**Data records:**
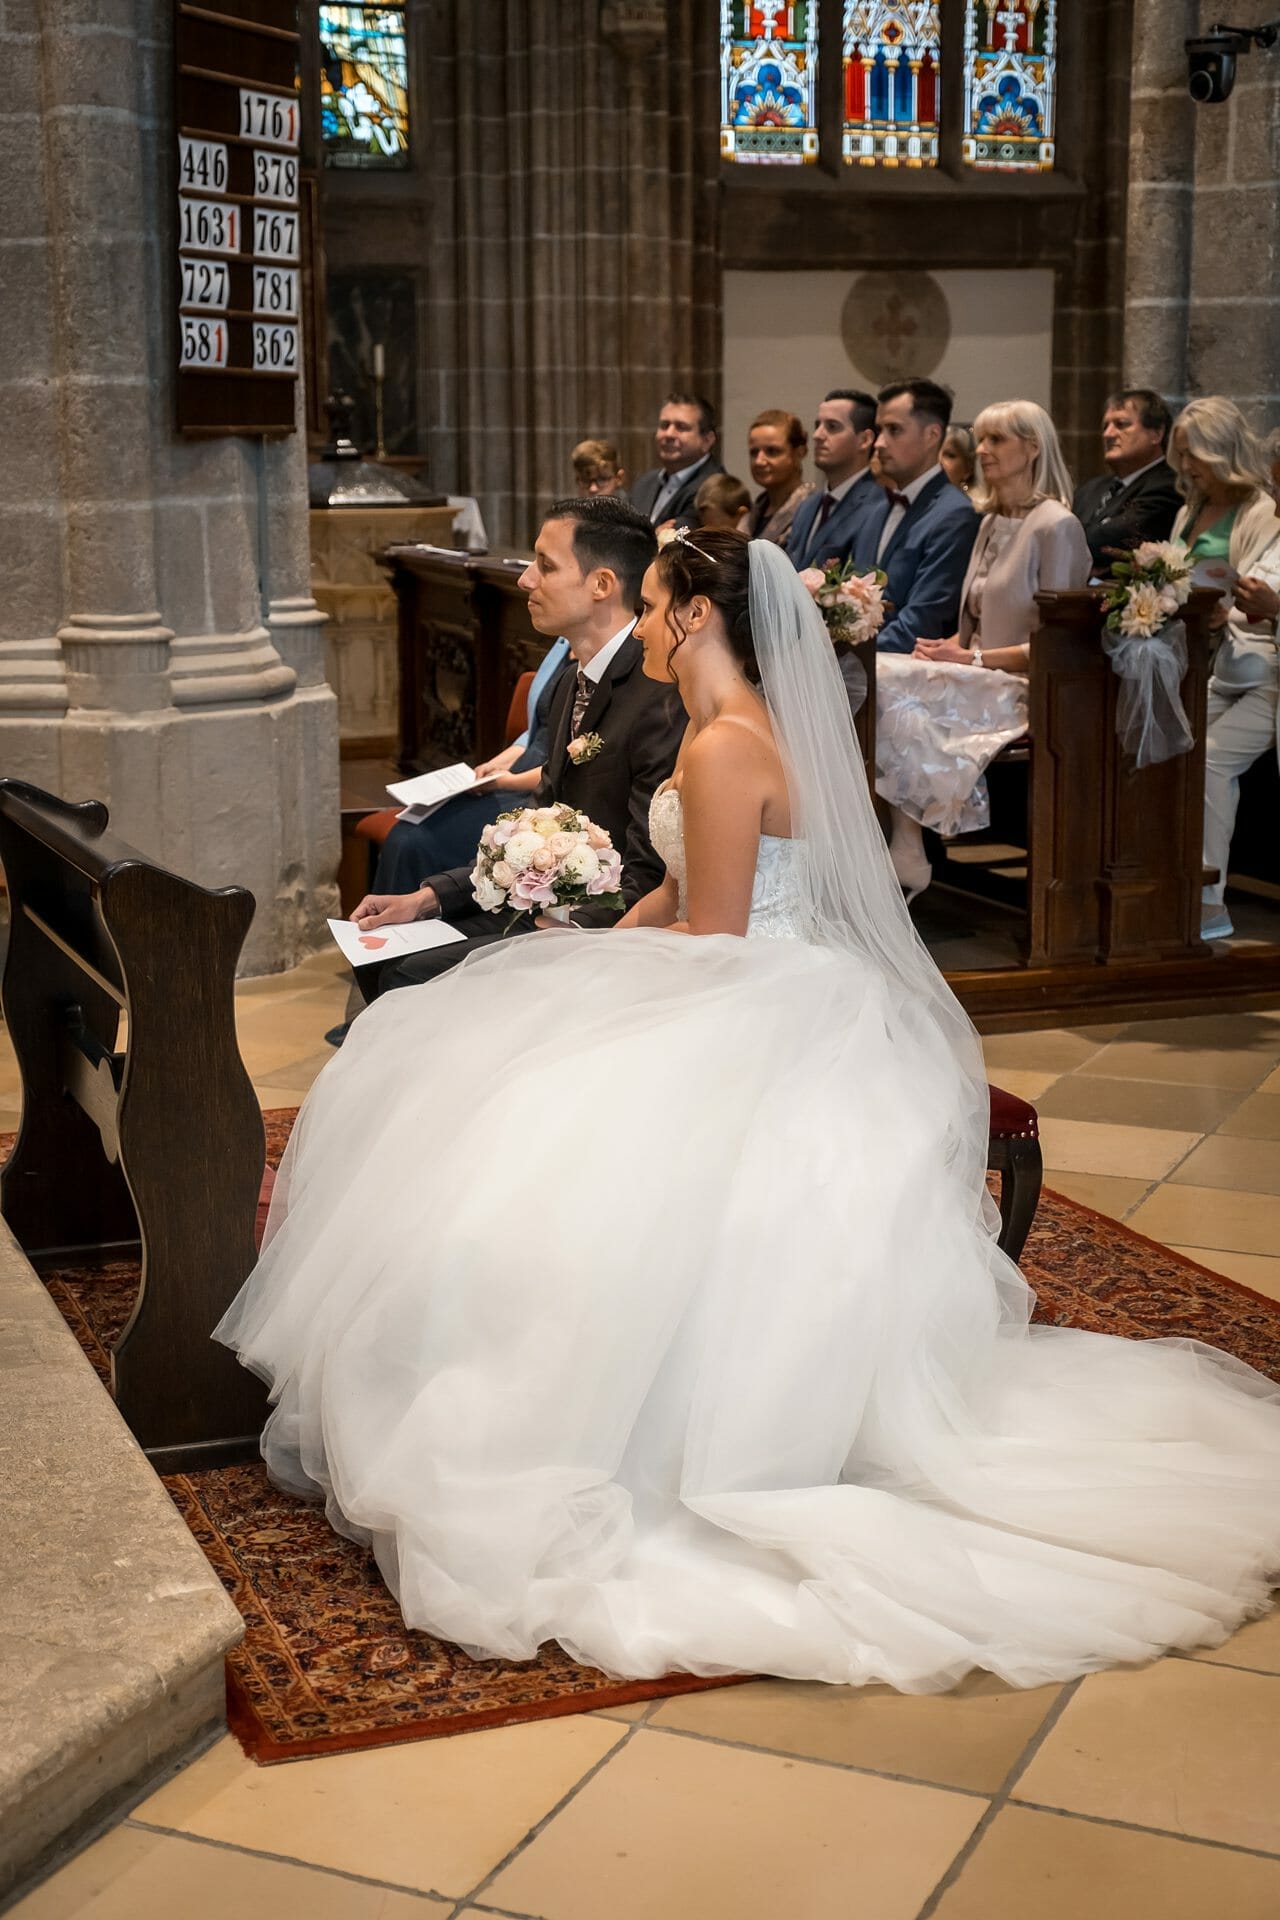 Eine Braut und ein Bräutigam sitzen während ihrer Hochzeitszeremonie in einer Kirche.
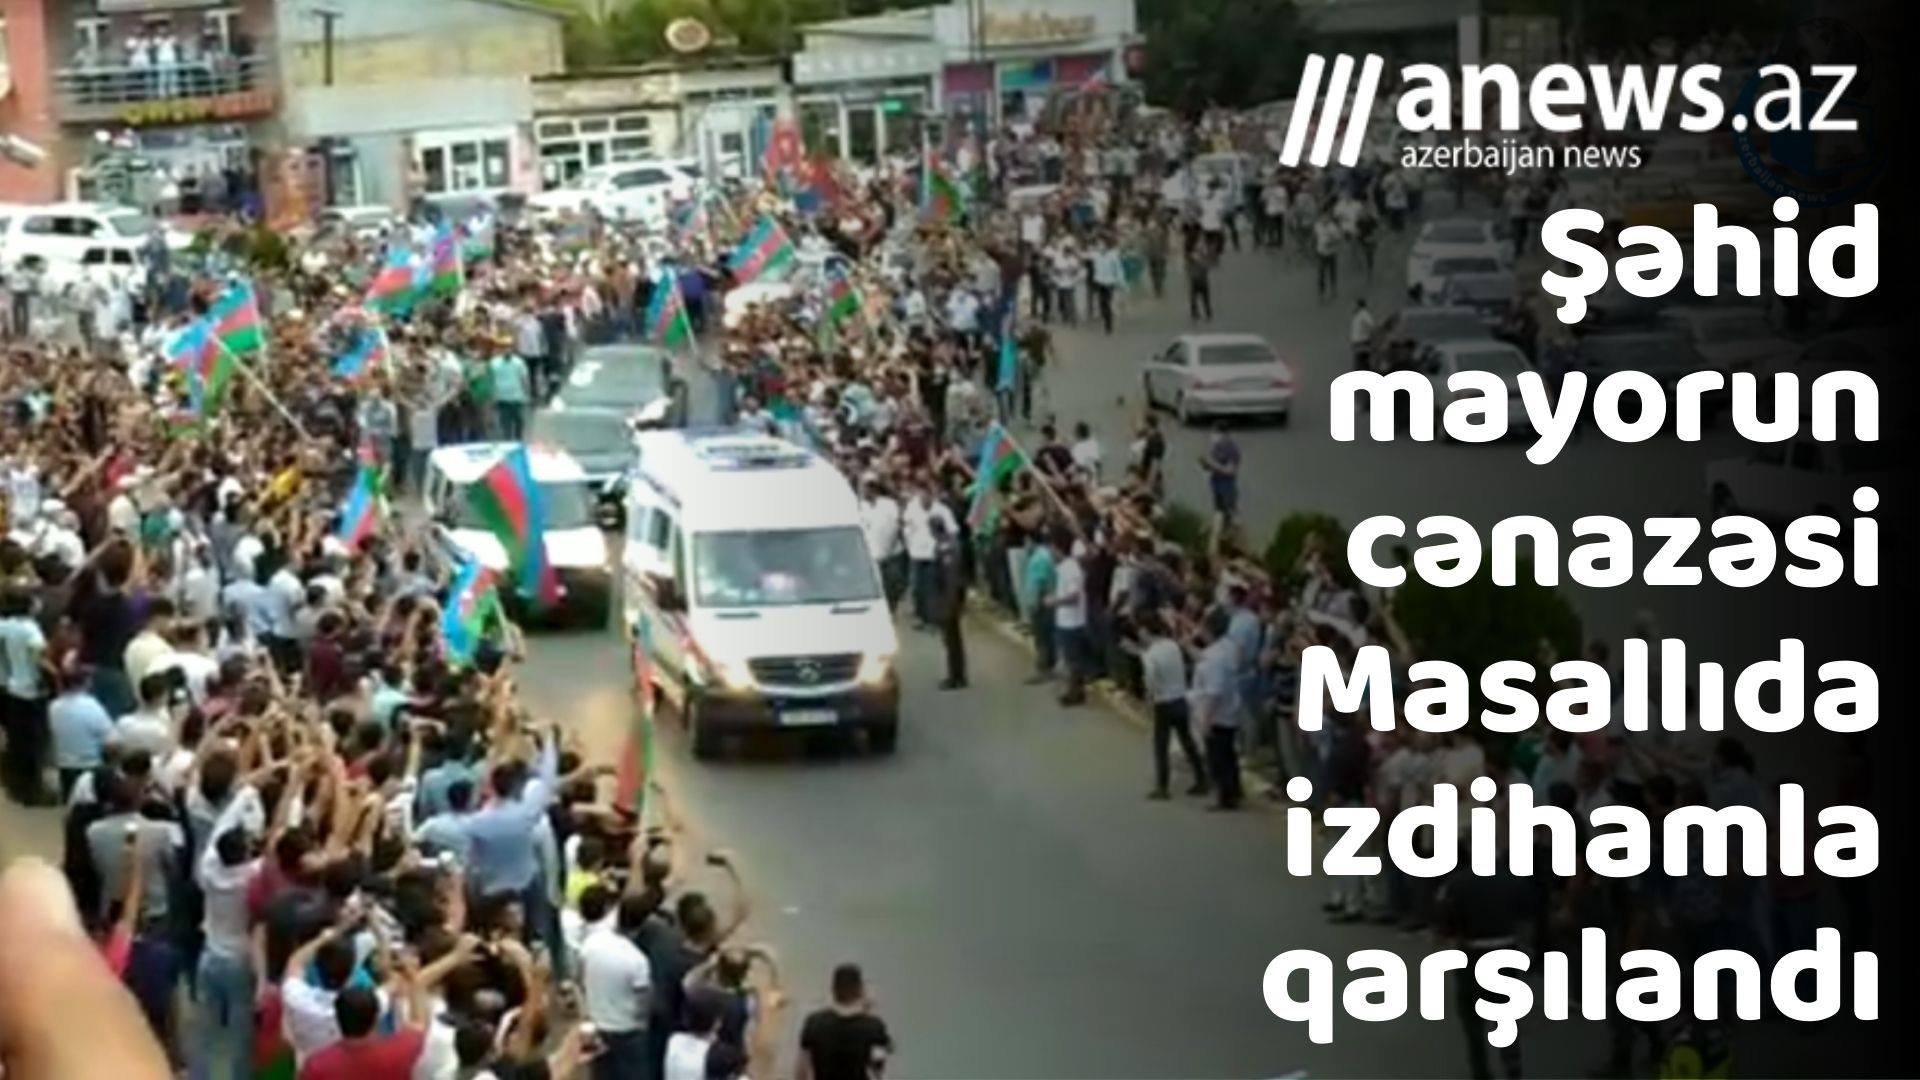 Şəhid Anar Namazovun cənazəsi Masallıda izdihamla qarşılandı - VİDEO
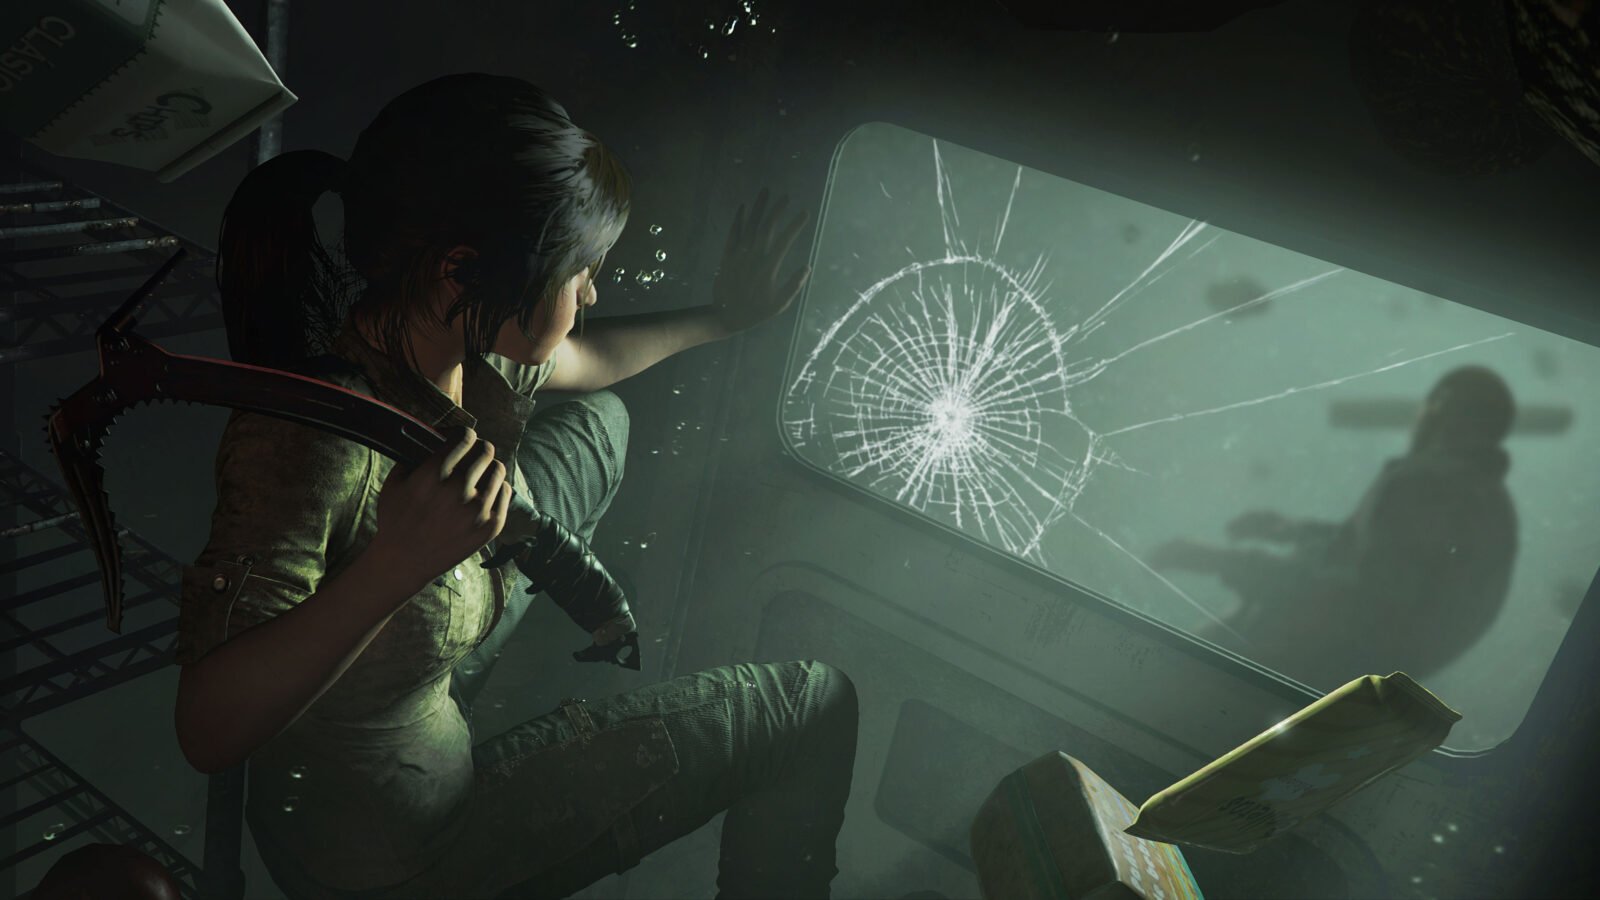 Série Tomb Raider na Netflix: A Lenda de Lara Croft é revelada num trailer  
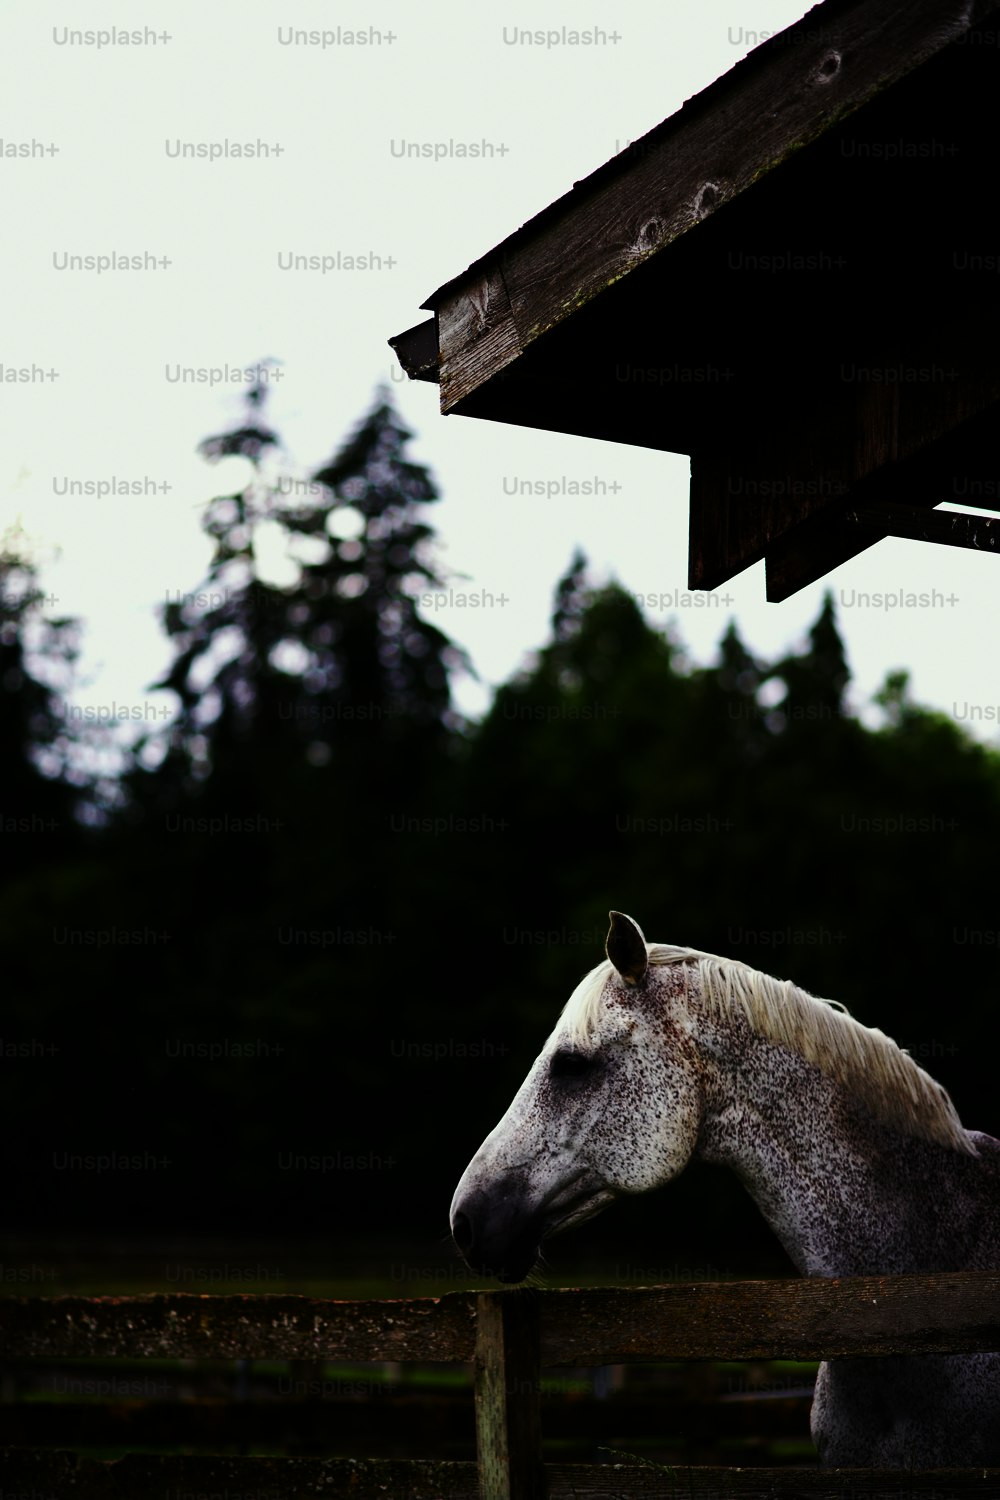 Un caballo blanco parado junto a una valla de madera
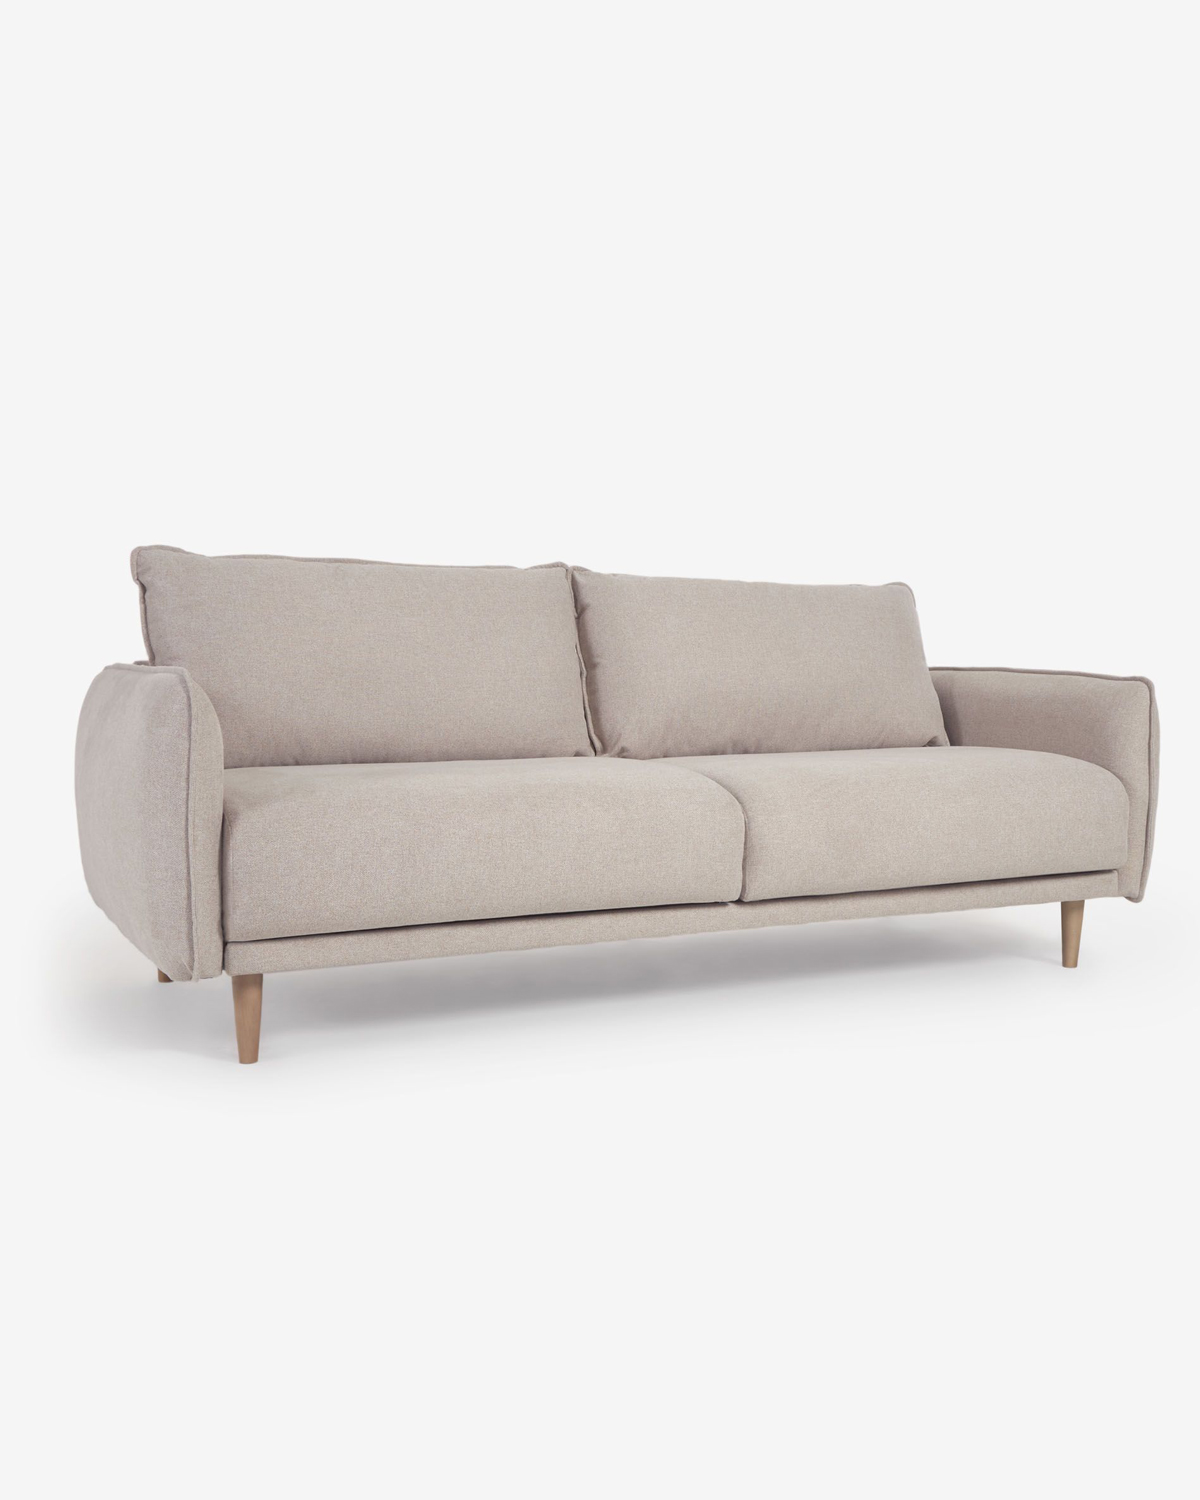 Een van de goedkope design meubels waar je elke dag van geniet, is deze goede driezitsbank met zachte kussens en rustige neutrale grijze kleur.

**Brief:**
Write out every line of the listing exactly as written, and leave the pictures out.

**Response area:**
 Eine Braut und ein Bräutigam sitzen während ihrer Hochzeitszeremonie in einer Kirche.
 Şəhid Anar Namazovun cənazəsi Masallıda izdihamla qarşılandı - VİDEO
 Série Tomb Raider na Netflix: A Lenda de Lara Croft é revelada num trailer  
 Un caballo blanco parado junto a una valla de madera
 Een van de goedkope design meubels waar je elke dag van geniet, is deze goede driezitsbank met zachte kussens en rustige neutrale grijze kleur.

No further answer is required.